Switch Generation proposes an effective model collaboration framework designed to leverage the strengths of both pretrained and aligned language models. It addresses the tradeoffs of alignment training—where aligned models excel in reasoning and instruction following but might lose creativity and calibration—by allowing pretrained and aligned model versions to dynamically take turns to "speak" in a response sequence.

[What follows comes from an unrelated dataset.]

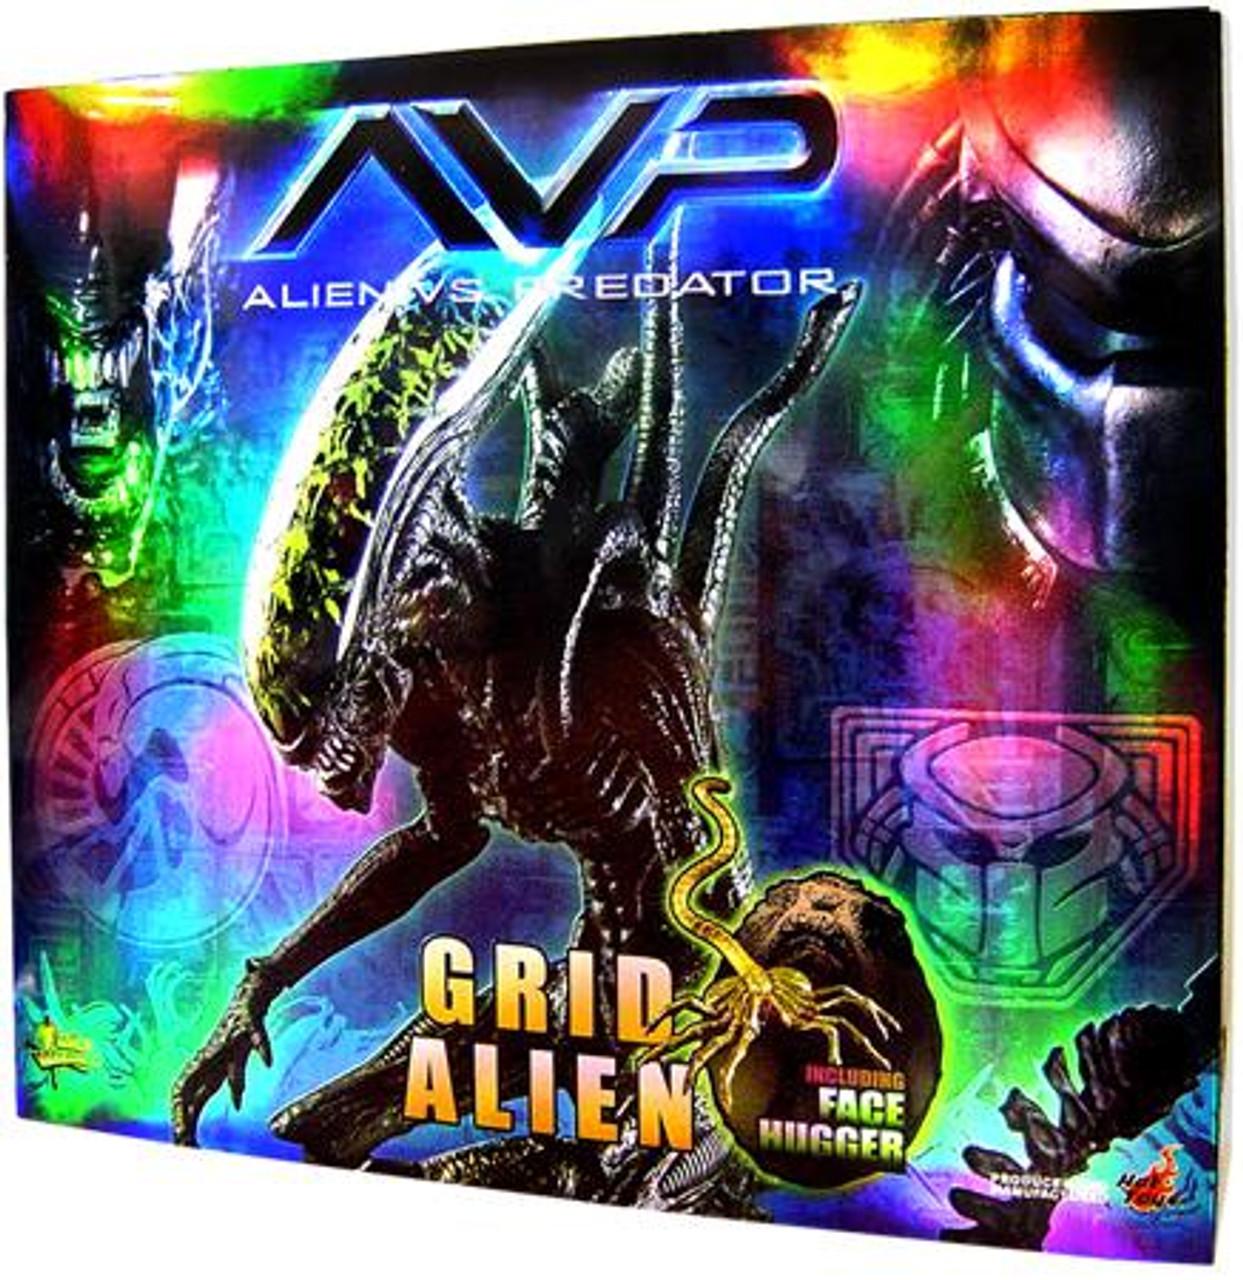 Alien vs Predator Movie Masterpiece Grid Alien with Facehugger Exclusive 1/6 Collectible Figure

Specifically, the framework trains a "switcher LM" by learning from outcomes of choosing different models to generate the next segment across diverse queries and contexts. At inference time, this switcher LM guides different model checkpoints to dynamically generate the next segment where their strengths are most needed. Extensive experiments show that this model collaboration consistently outperforms individual models, with Switch Generation further improving performance significantly. The approach discovers compositional skills to solve complex problems and generalizes to unseen models and tasks, effectively reusing and repurposing by-products from expensive model training.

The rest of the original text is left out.